Exercise directions: The entire listing that follows must be repeated exactly, pictures excluded.

Source data:
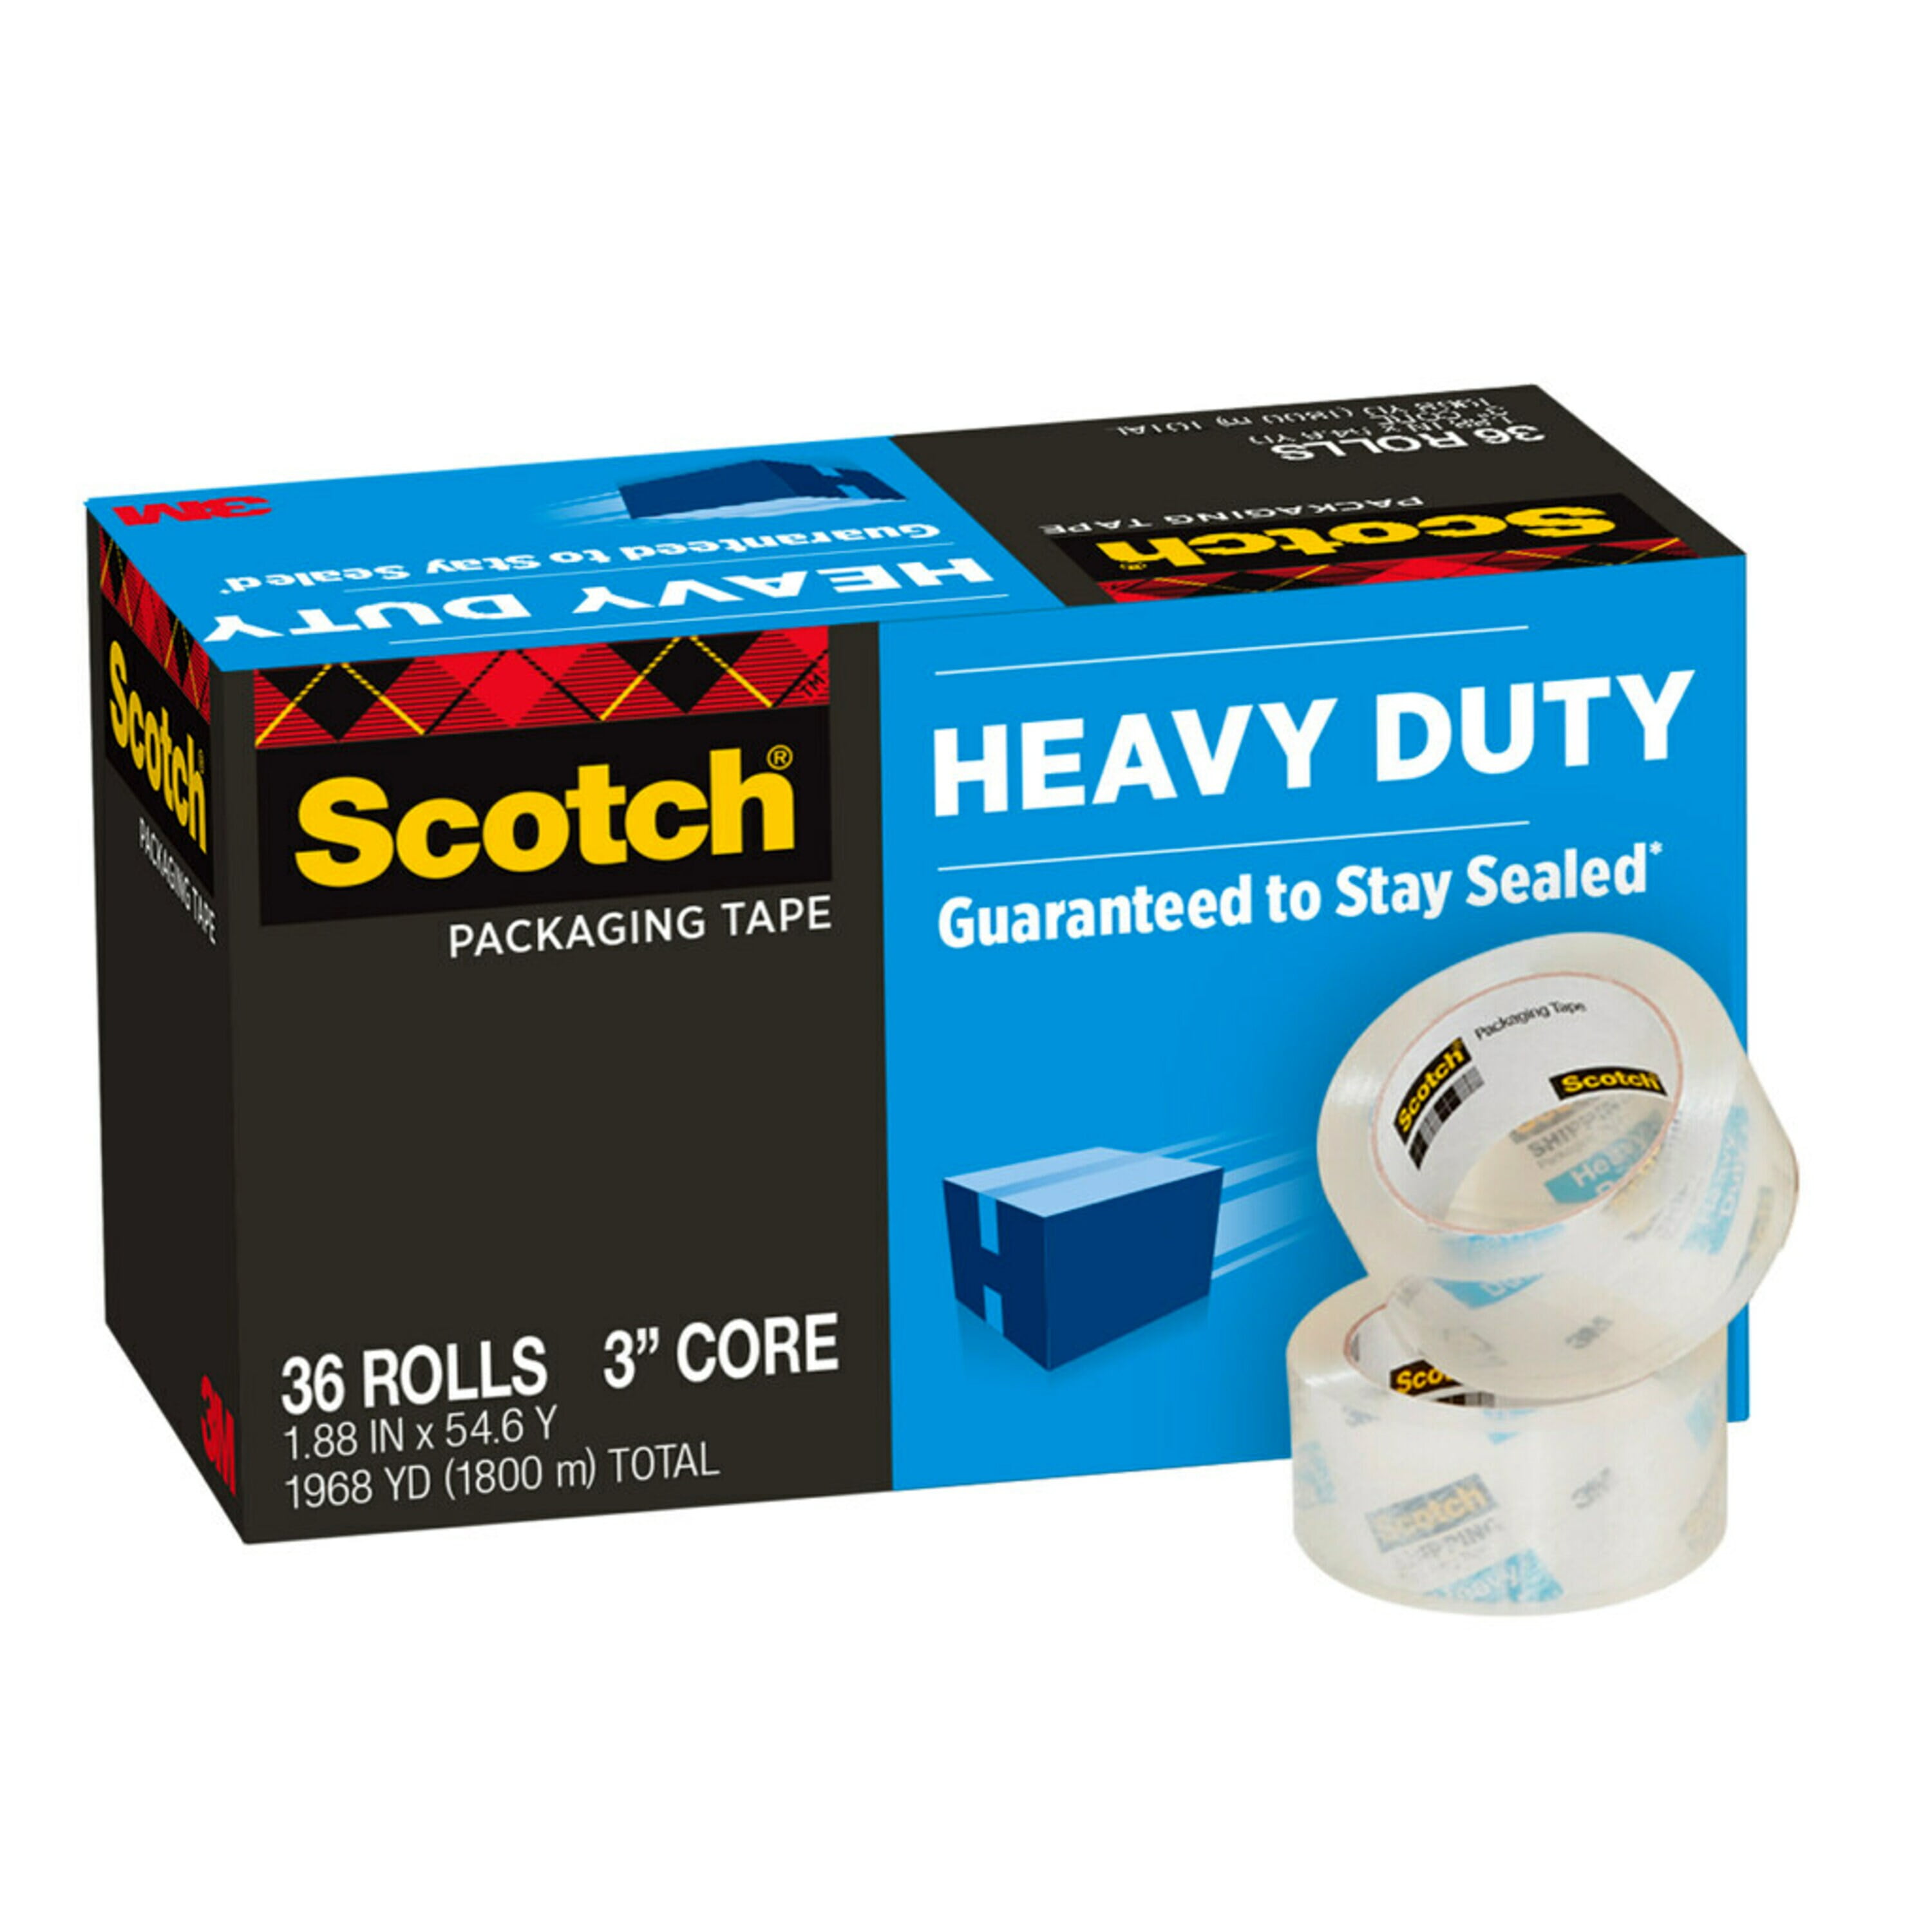 Scotch® Light Duty Packaging Tape 600 Clear High Clarity, 1in x 72 yd, 4  rolls per pack 9 packs per case Conveniently Packaged - The Binding Source
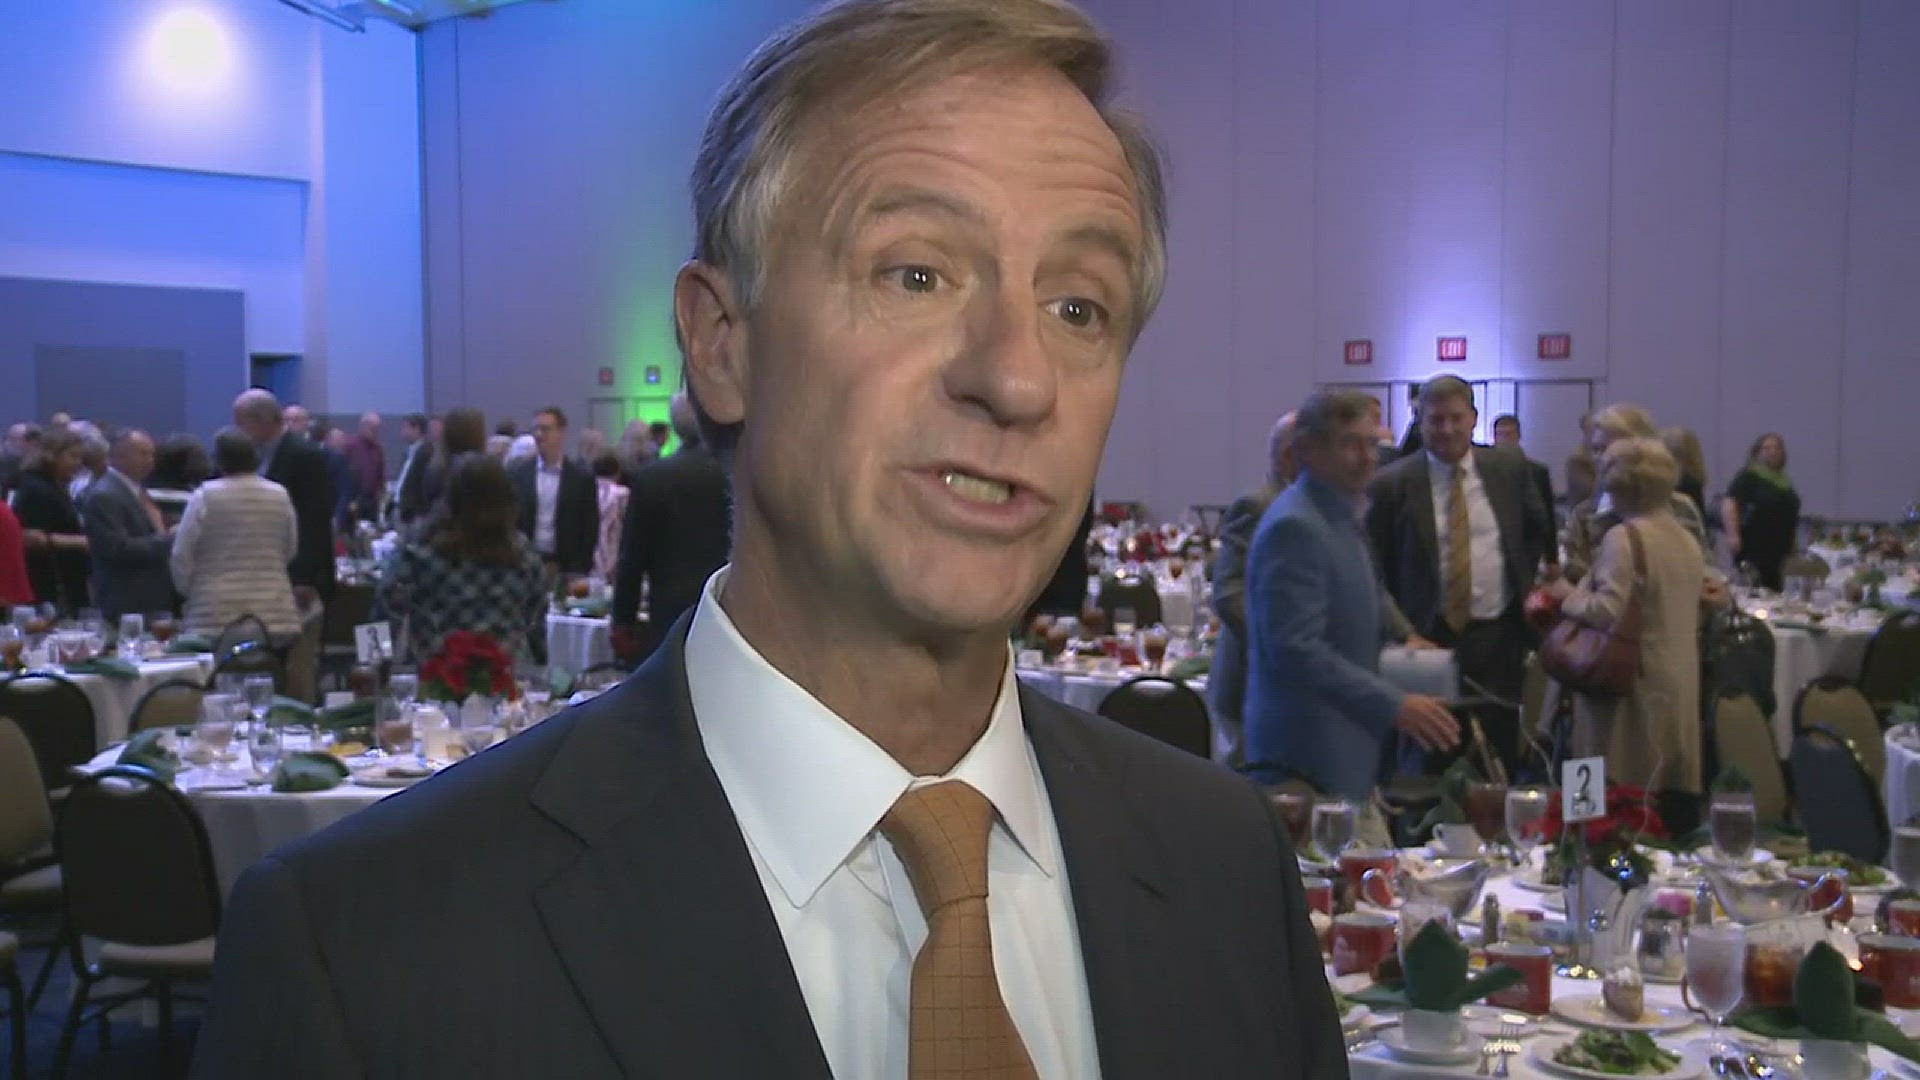 "This has obviously been a difficult week for the University of Tennessee athletics but I think the appropriate comment should come from the Chancellor's Office," Haslam said.
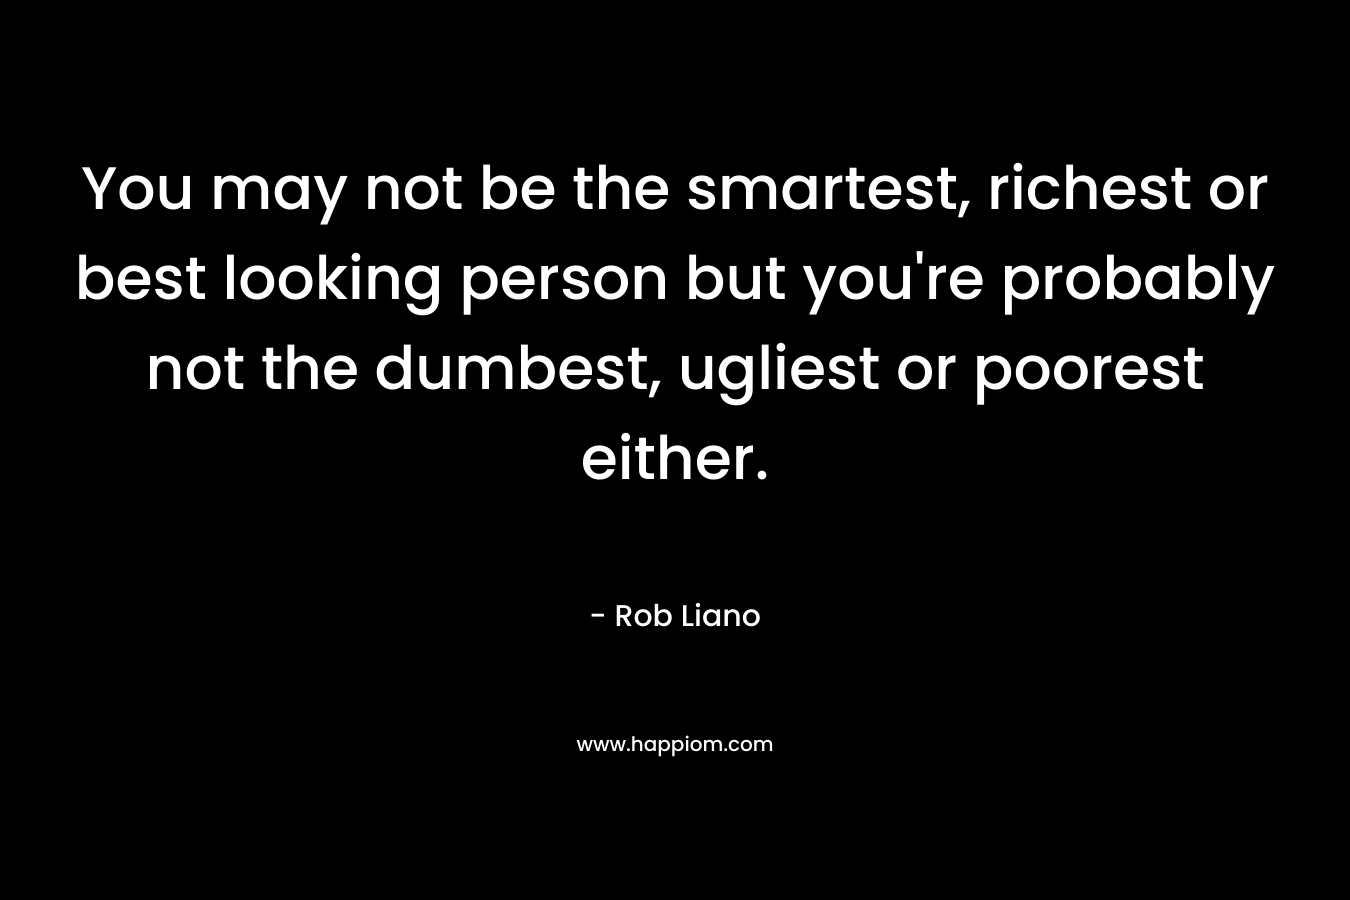 You may not be the smartest, richest or best looking person but you're probably not the dumbest, ugliest or poorest either.

Reply:
 Scotch® Light Duty Packaging Tape 600 Clear High Clarity, 1in x 72 yd, 4  rolls per pack 9 packs per case Conveniently Packaged - The Binding Source
 "This has obviously been a difficult week for the University of Tennessee athletics but I think the appropriate comment should come from the Chancellor's Office," Haslam said.
 You may not be the smartest, richest or best looking person but you're probably not the dumbest, ugliest or poorest either.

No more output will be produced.